Your assignment:
The answer is an exact copy of the lines from the one with "Main Image - Jessica" to the end of the listing below, pictures left out.

Exercise data:
══════

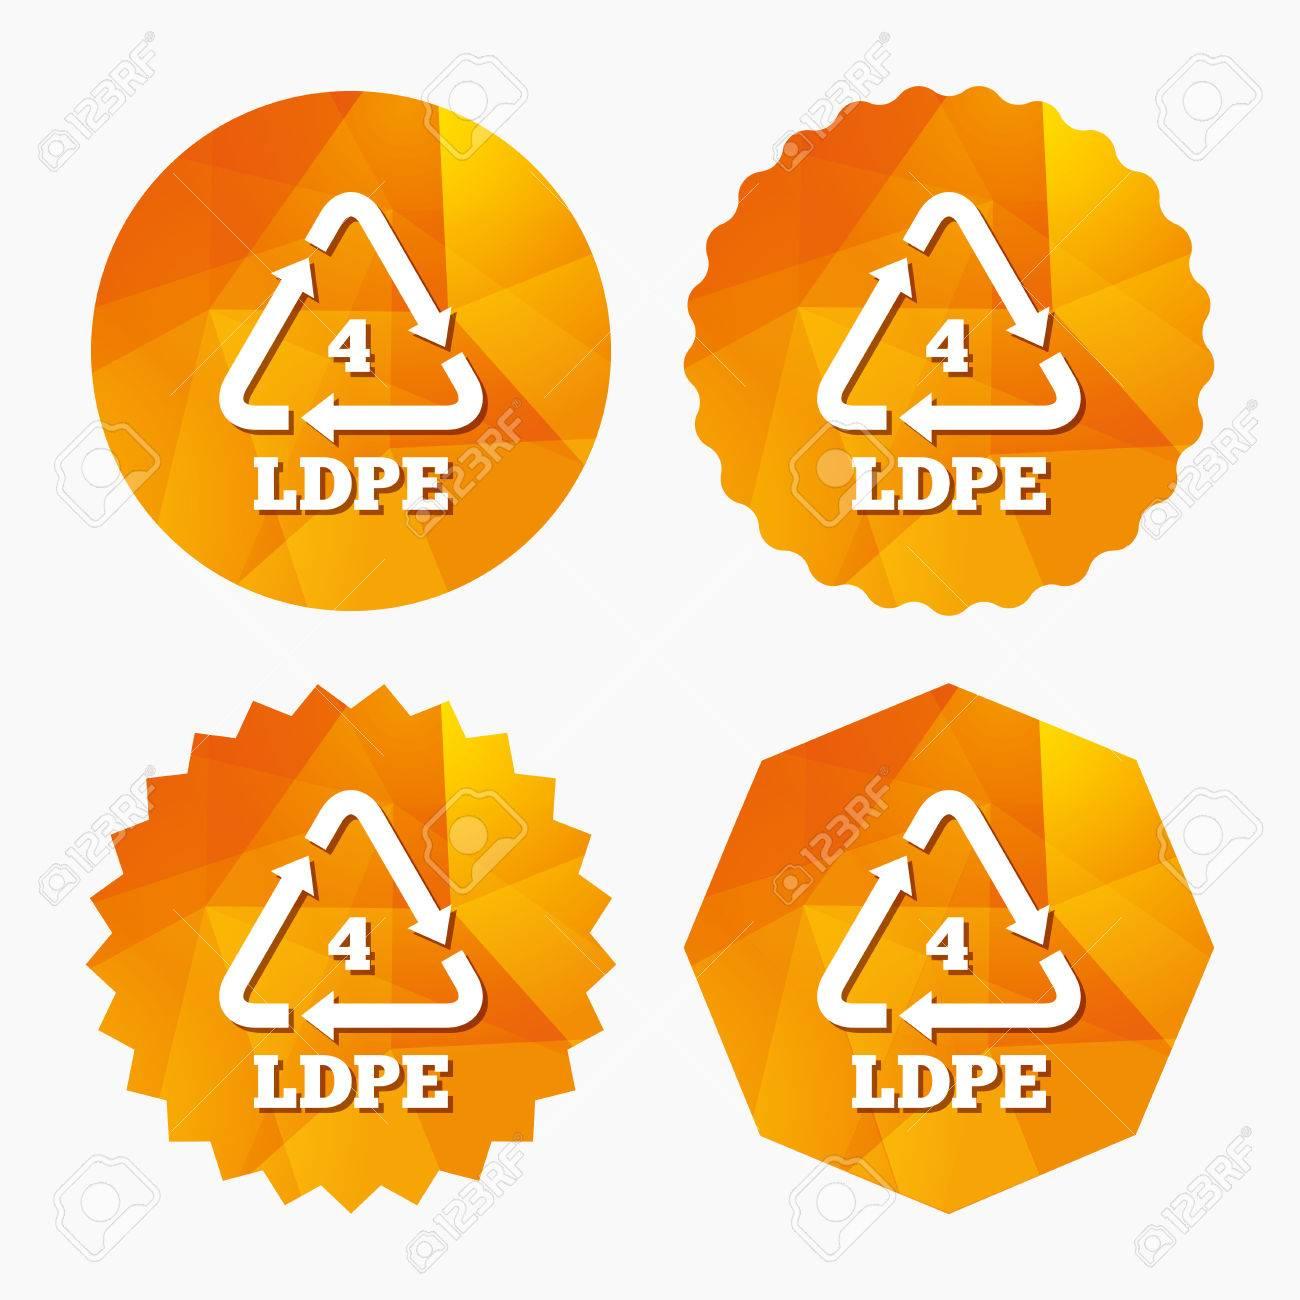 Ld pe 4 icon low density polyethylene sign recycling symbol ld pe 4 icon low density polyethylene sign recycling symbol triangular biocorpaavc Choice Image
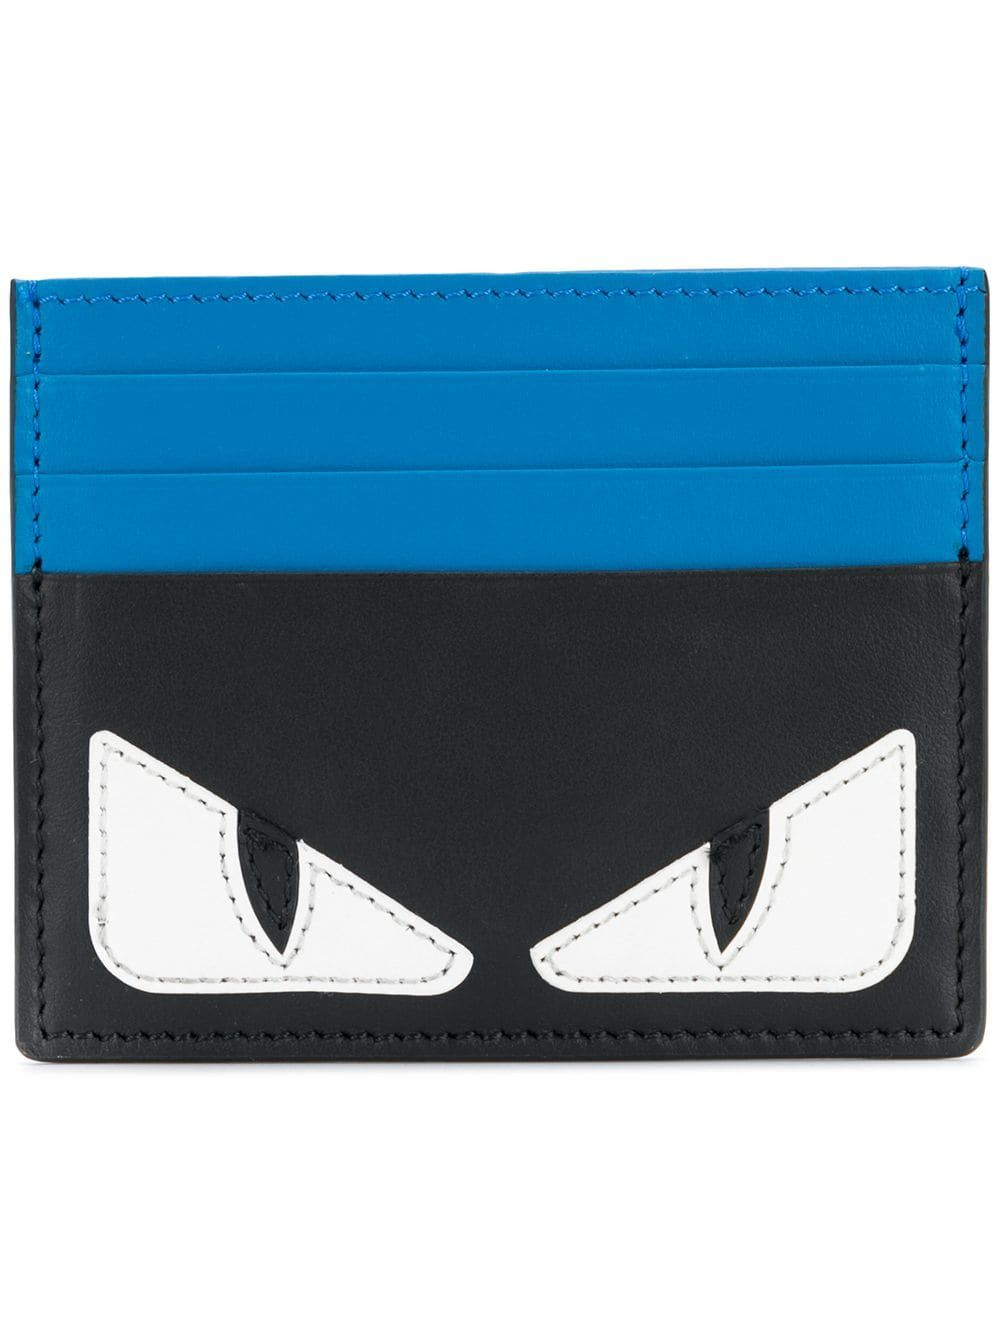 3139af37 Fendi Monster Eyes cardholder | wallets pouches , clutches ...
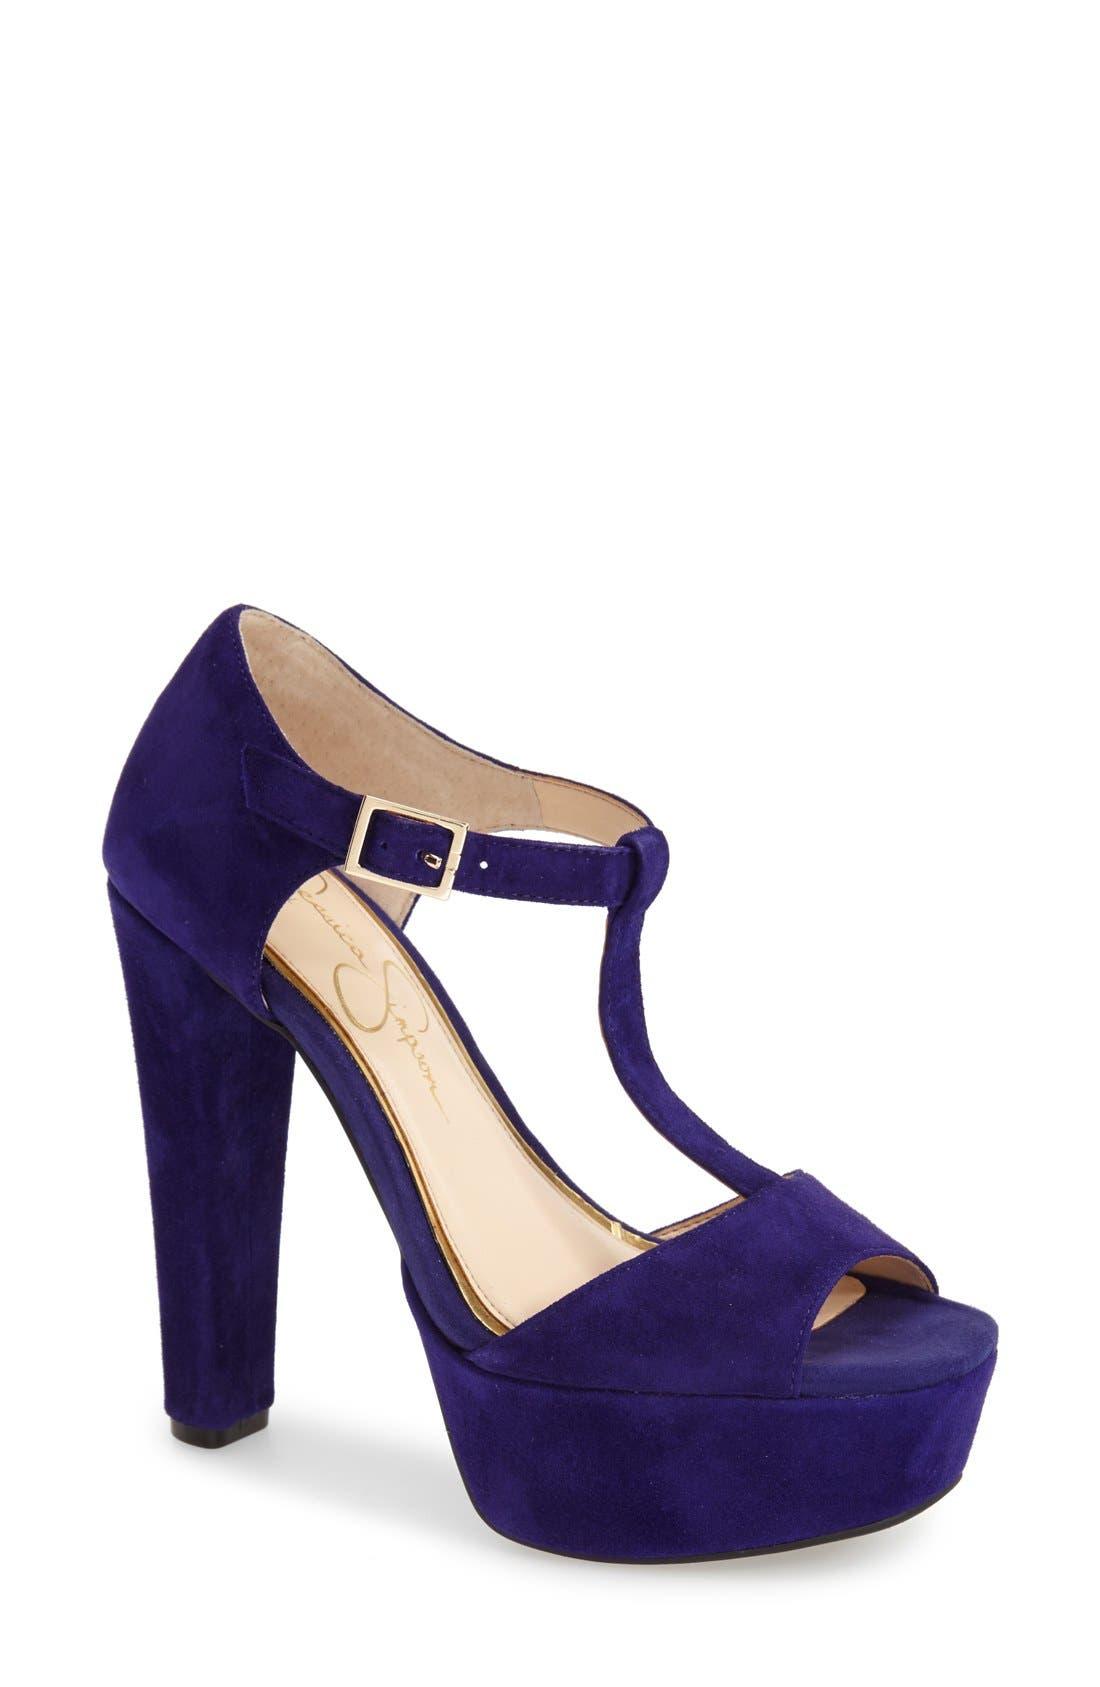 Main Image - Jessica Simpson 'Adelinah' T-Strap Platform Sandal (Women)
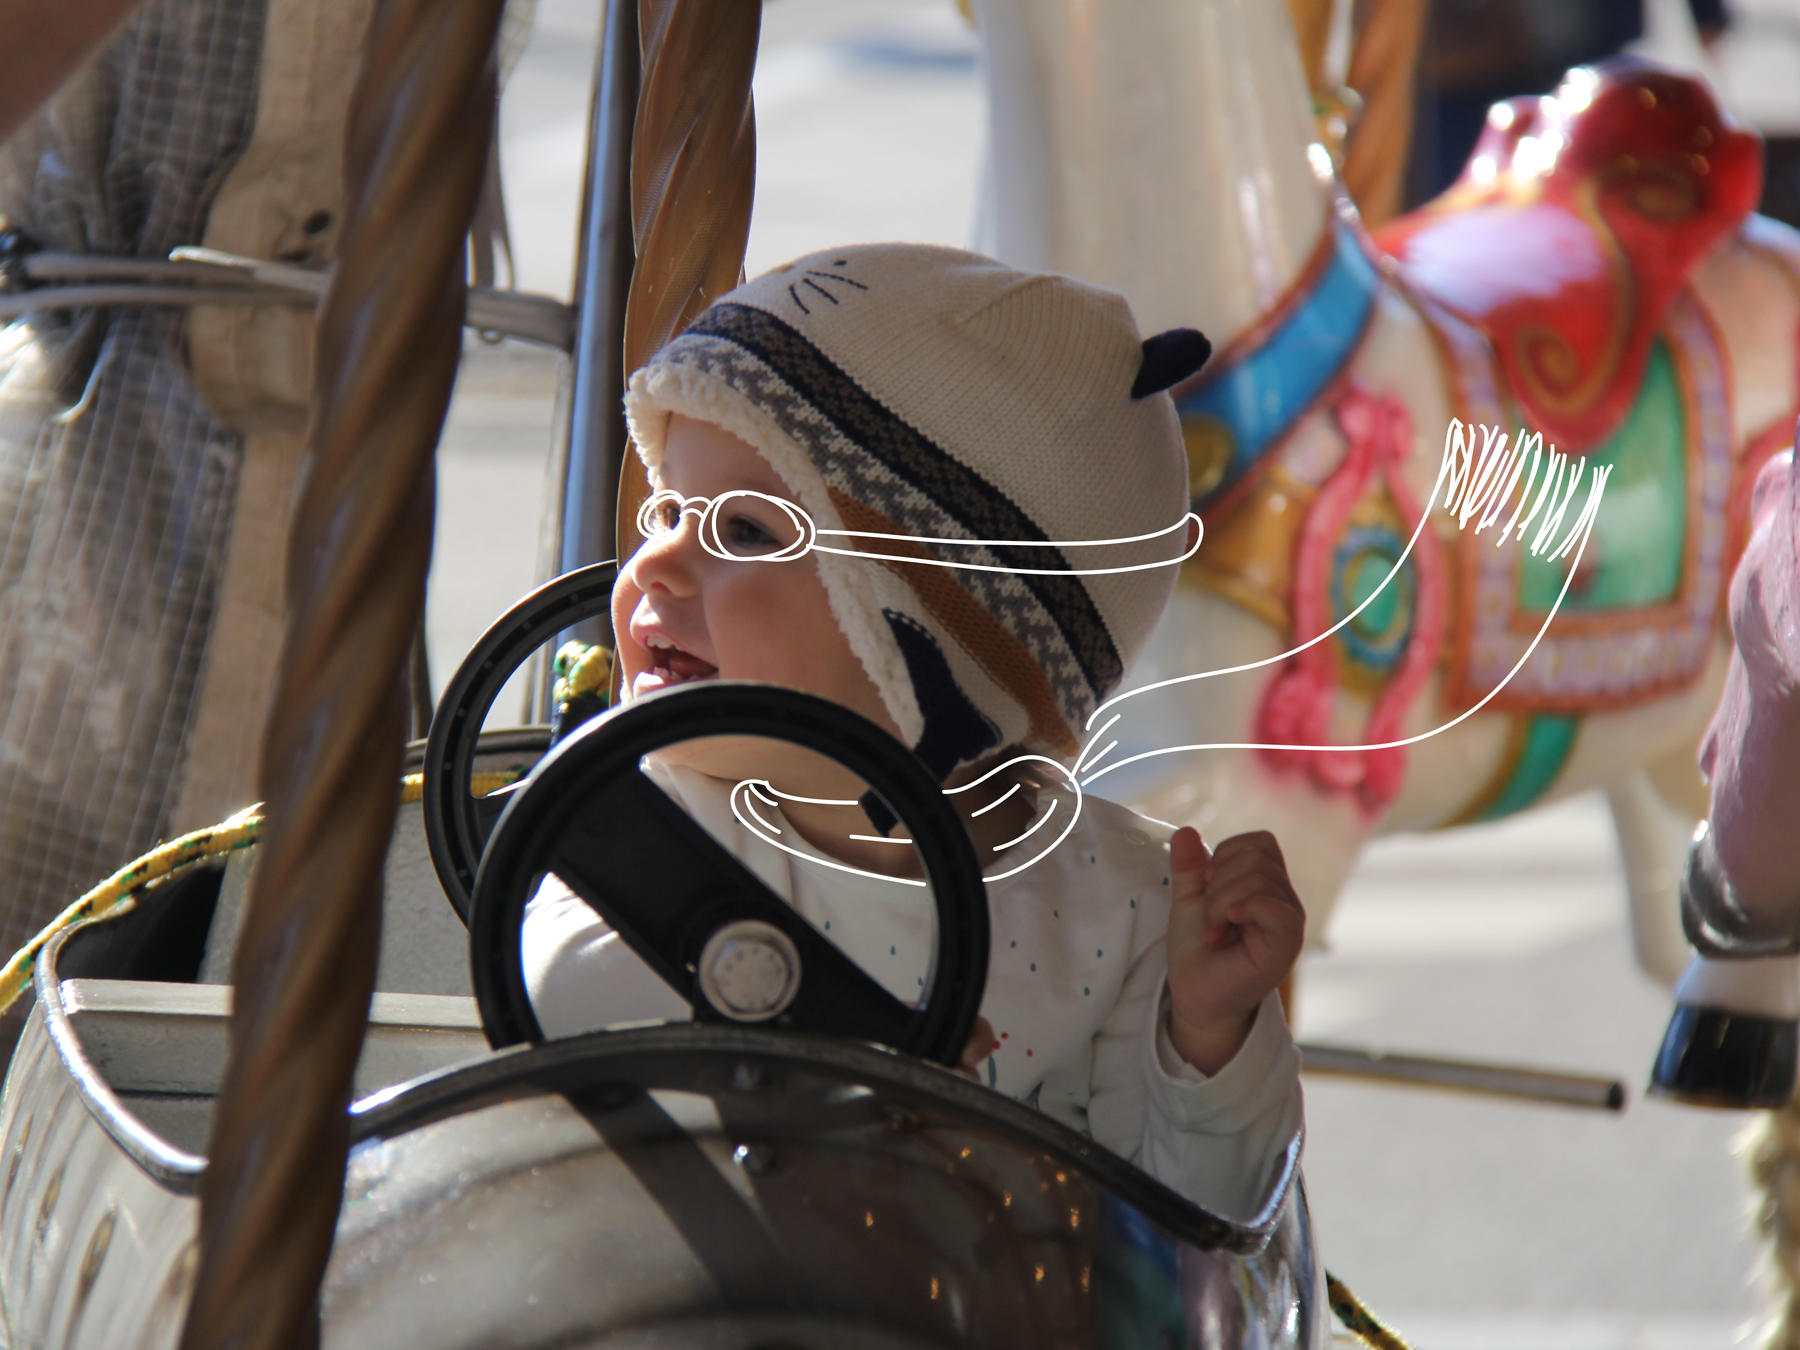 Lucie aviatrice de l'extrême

══════

Response to this exercise:
 Main Image - Jessica Simpson 'Adelinah' T-Strap Platform Sandal (Women)
 Lucie aviatrice de l'extrême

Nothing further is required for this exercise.